Это было то, что я подозревала. Один из моих предыдущих дилеров пытался подсадить меня на это, но то, как он ковырялся в своей коже, остановило меня от попыток попробовать.
— Все еще употребляешь?
— Нет, если я могу воздерживаться, — сказал он сардонически. — Это разрушило мою жизнь. — Он выпустил дым изо рта и указал на меня. — А ты?
— В основном кокаин. Несколько таблеток тут и там. Алкоголь.
— Так что у тебя за линии на руках?
Инстинктивно я опустила рукава, хотя знала, что они уже закрывают кожу. Должно быть, он видел их раньше, когда я была здесь. Я зажгла сигарету и задумалась о том, что ему сказать. Он был честен со мной, и я пыталась решить, насколько я могу быть честной с ним, чтобы это не привело к обратному результату.

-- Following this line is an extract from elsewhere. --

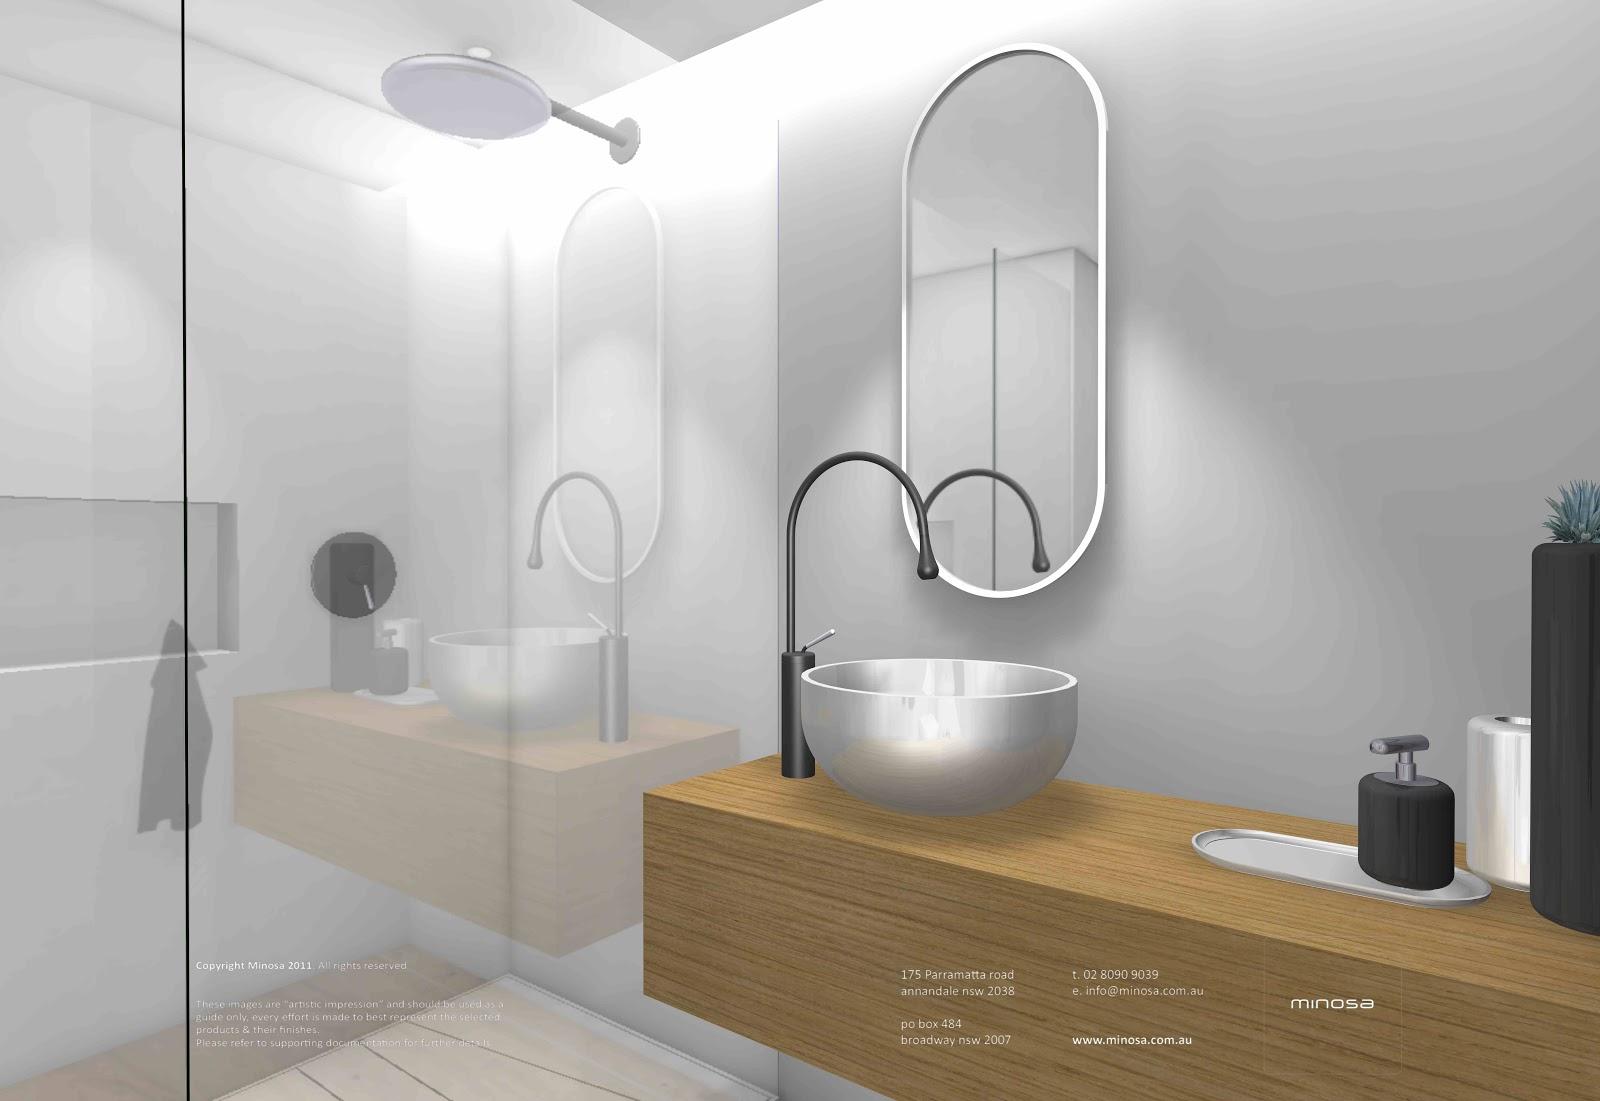 Minosa new minosa bathroom design resort style ensuite - Main Bathroom Powder Room Posted By Minosa

— Иногда боль — это больше, чем просто чувство. Это то, что живет во мне. Я так туго натянута, что задыхаюсь. — Я стряхнула пепел. — Лучше страдать, чем быть оцепеневшей.
— Правда? — Он закурил и посмотрел вверх, на ночное небо, обдумывая мои слова. — Разве нет облегчения в том, чтобы ничего не чувствовать?

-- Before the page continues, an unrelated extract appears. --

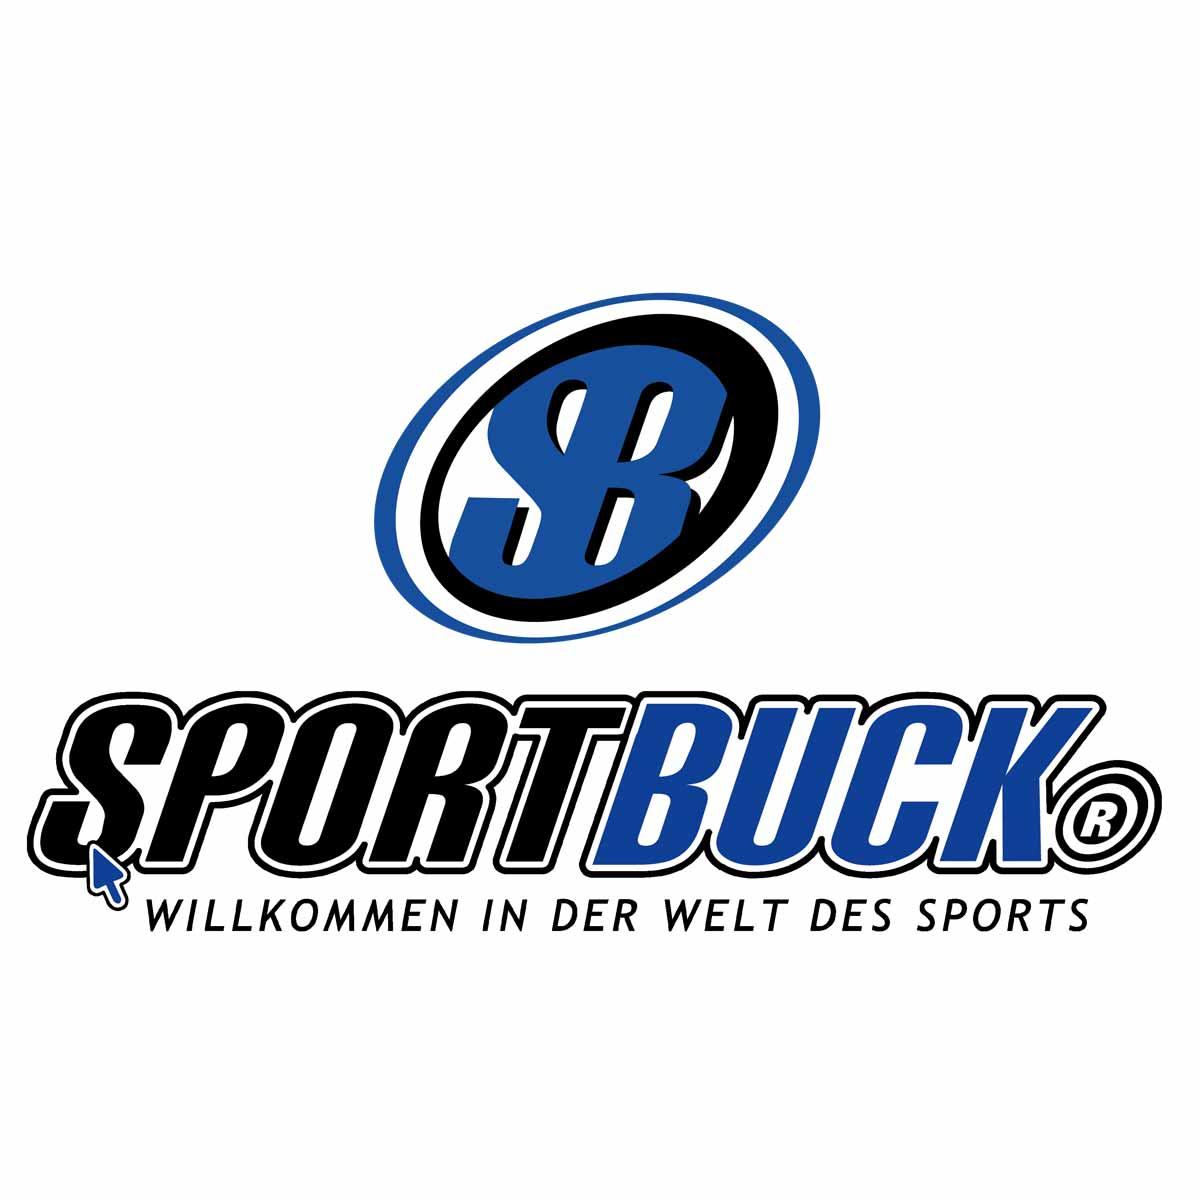 120 Cool Tec Wool Wash T-Shirt Herren Desert Orange Blend

— Нет, когда это все, что ты знаешь. Когда я под кайфом, легко забыть, что я смертная. А это, — я провела концом сигареты по запястью, — напоминает мне, что я могу умереть.
— Это не нездорово.
— Это нездорово, — поправила я его, хотя и знала, что он говорит с сарказмом. — Лучше, когда мне напоминают, особенно когда я убеждена, что я непобедима. Но это честно. — Я пожала плечами. — Ты спросил.